Stickley v. Byrd et al
ORDER denying 49 Motion for Summary Judgment. Signed by Judge D. P. Marshall Jr. on 3/1/12. (kpr)
IN THE UNITED STATES DISTRICT COURT
EASTERN DISTRICT OF ARKANSAS
KARL BYRD, Sheriff, Faulkner County,
Arkansas; TORLING, Officer; ANDREWS,
Lt.; ANDREWS, Officer; CHILDS, Officer;
BOBBY BROWN, Major; and JOHN RANDALL,
Captain, Faulkner County Detention Center
The Defendants' motion for summary judgment, Document No. 49, is
denied. The law enforcement officials point to the Faulkner County Detention
Center's policy of allowing inmates one roll of toilet paper per week. They
say that if an inmate runs out, then he can get another roll; and they argue
that, as a matter of law, these circumstances pass constitutional muster. But
Stickley says this is not the way things worked in practice. One testifying
officer agreed. This evidence indicates that the practice was one roll a week,
no more, no matter what. The record thus presents a genuine dispute of
material fact on the merits, a dispute that precludes judgment as a matter of
R. CN. P. 56(a).
Nor are the Defendants entitled to qualified immunity. First, there are
material disputes of fact about the jail's policy and practice. Second, pretrial
detainees (like Stickley) have clearly established constitutional rights to basic
human dignity, reasonably adequate sanitation and personal hygiene, and at
least the minimal civilized measures of life's necessities. See, e.g., Morris v.
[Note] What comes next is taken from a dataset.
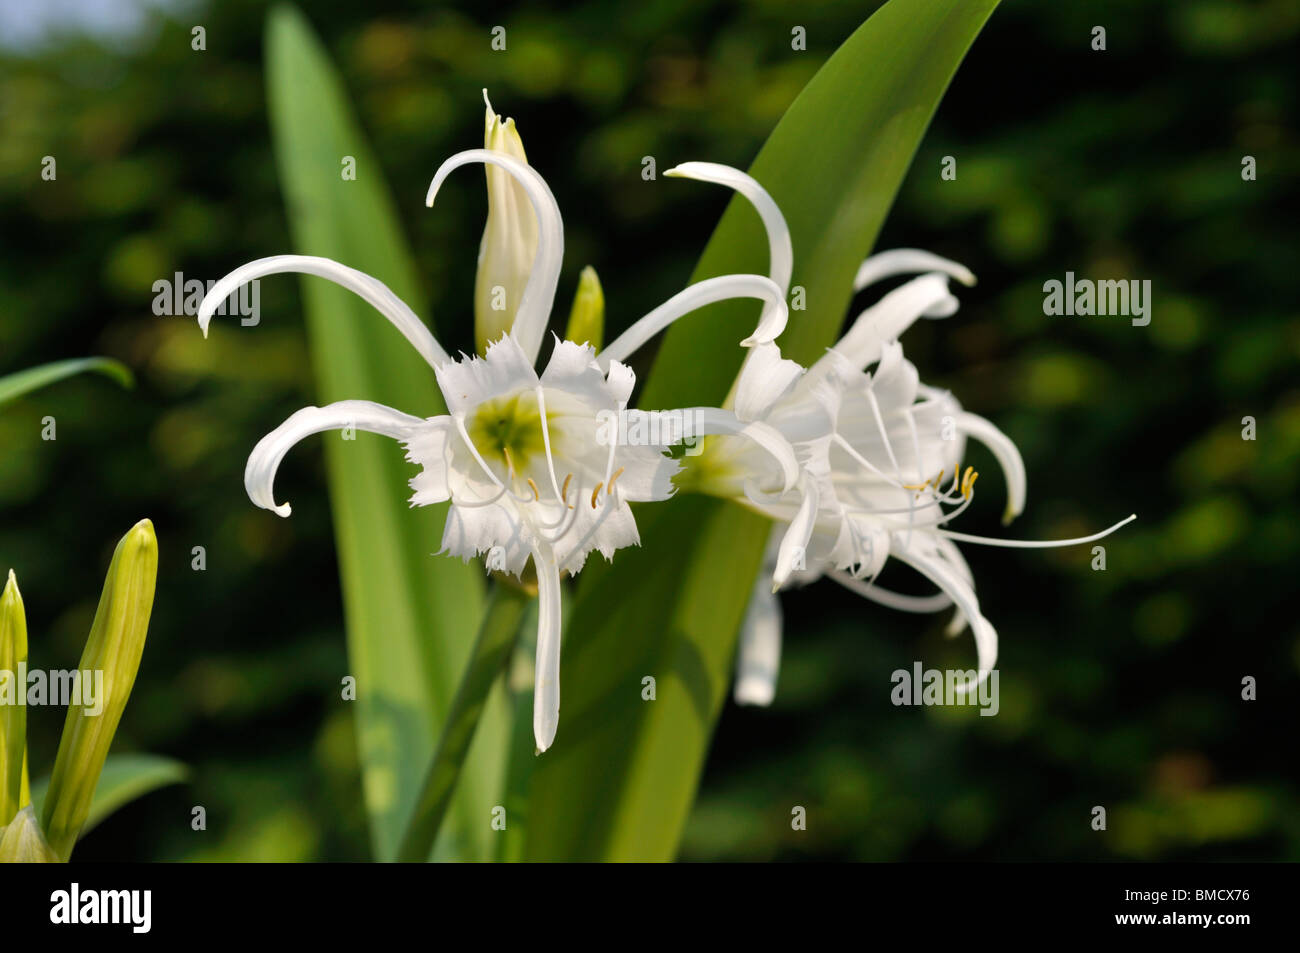 Spider lily (Hymenocallis x festalis) Stock Photo

Zefferi, 601 F.3d 805, 809, 812 (8th Cir. 2010); Owens v. Scott County Jail, 328
F.3d 1026, 1027 (8th Cir. 2003); Howard v. Adkison, 887 F.2d 134, 137 (8th Cir.
1989). Taking Stickley's story as true, the record is this: Defendants denied
Stickley more than one roll of toilet paper a week during the approximately
five months he was detained; he needed more than this; he was not doing
anything improper with the toilet paper, such as stopping up the toilet; and
each time he ran out of toilet paper, Stickley had to wait up to thirty minutes
to shower and clean himself after bowel movements.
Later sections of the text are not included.